An AEAD provides several guarantees: *integrity*, *confidentiality* and *authenticity*. The *ciphertext* is guaranteed all three properties.

The *associated data* is part of the *authentication* guarantee of the ciphertext. The *associated data* is turned into a necessary condition to decrypting the ciphertext. If the ciphertext is taken out of this context, decryption becomes infeasible. As an added benefit, the *associated data* itself is guaranteed *integrity*.

It is the *authenticity* and *integrity* properties that ensure that the original *associated data* is provided.

## Hash-function

A quick reminder: the properties of cryptographic hash functions, according to Wikipedia.

Pre-image resistance: Given a hash value`h`

it should be difficult to find any message`m`

such that`h = hash(m)`

. This concept is related to that of a one-way function. Functions that lack this property are vulnerable to preimage attacks.

Second pre-image resistance: Given an input`m1`

, it should be difficult to find a different input`m2`

such that`hash(m1) = hash(m2)`

. This property is sometimes referred to as weak collision resistance. Functions that lack this property are vulnerable to second-preimage attacks.

Collision resistance: It should be difficult to find two different messages`m1`

and`m2`

such that`hash(m1) = hash(m2)`

. Such a pair is called a cryptographic hash collision. This property is sometimes referred to as strong collision resistance. It requires a hash value at least twice as long as that required for pre-image resistance; otherwise collisions may be found by a birthday attack.

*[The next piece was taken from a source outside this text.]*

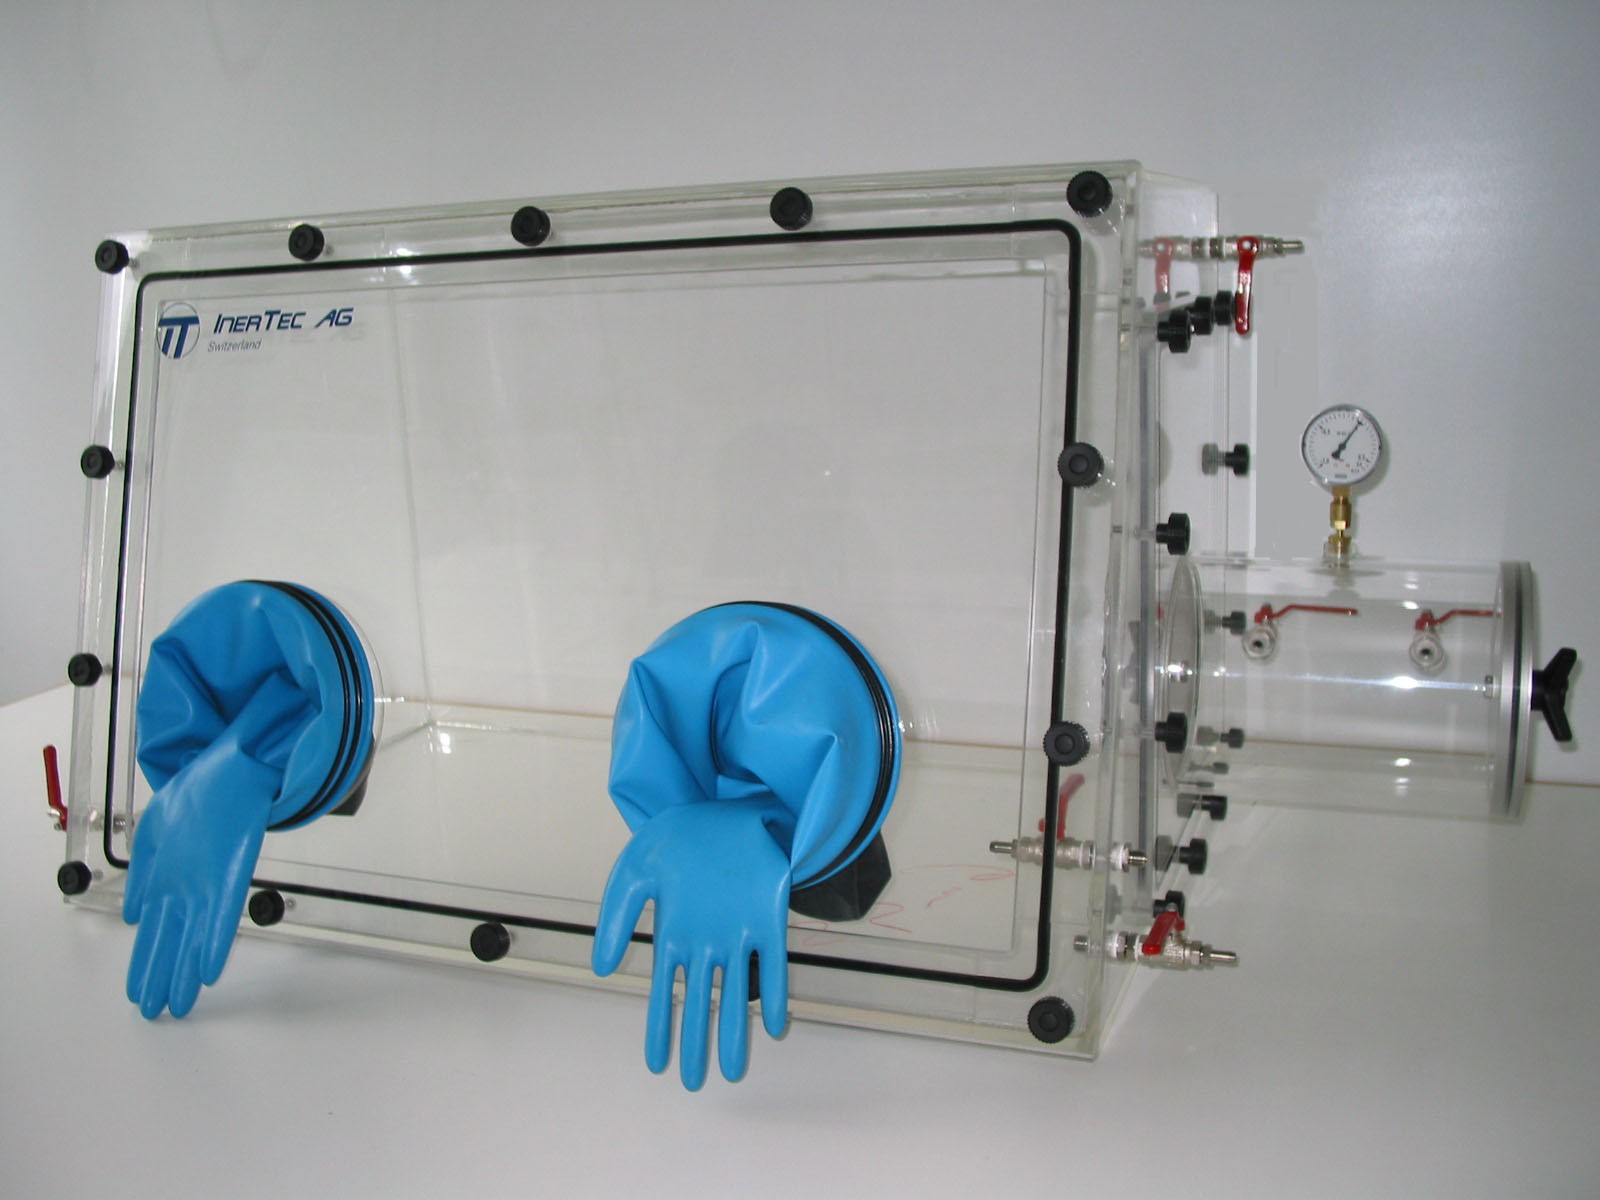 Glovebox made of acrylic&gt; Gas filling: automatic flushing with pressure control, front design: removable, side design: round vacuum lock, control: oxygen regulator

Now to evaluate the properties of the *hash function* as part of the construction:

: this was never an issue as one of the two hashes is predetermined.~~collision resistance~~: binding the hash input to the ciphertext through~~second pre-image resistance~~*associated data*means that a*second pre-image*is no longer sufficient.*pre-image resistance*: circumstances have not changed. We rely on the*pre-image resistance*guarantee as we did before.

Effectively, we have mitigated one limitation of hash functions.

## Conclusions

To conclude, the *associated data* of an AEAD can be used to “cement” a construct in place, such that it cannot be taken apart. The pair `(hash, AEAD)`

is a trivial example which demonstrates a symbiotic relationship.

## Further investigation

Although this construction gives a nice benefit, it is important to look at the implications of its application. Hash functions are *not ideal* for key derivation as hash functions are *designed to be fast*. This property primarily benefits the attacker.

The broader class of Key Derivation Functions provides options that are more attractive for deriving keys from passwords. It would be interesting to see if those functions can benefit in the same way.

There are a few further questions to look into:

- Does the combined construct indeed bring (only) benefits? Or is the combined construction redundant/meaningless/risky?
- How far can this be generalized? A typical use case is KDFs (key derivation functions). Not all KDFs are hash-based, so will it bring similar benefits for other types?
- Do AEADs indeed internally use a similar co-dependency for the
*symmetric key*and the header`H`

used in its*Authenticated Encryption*?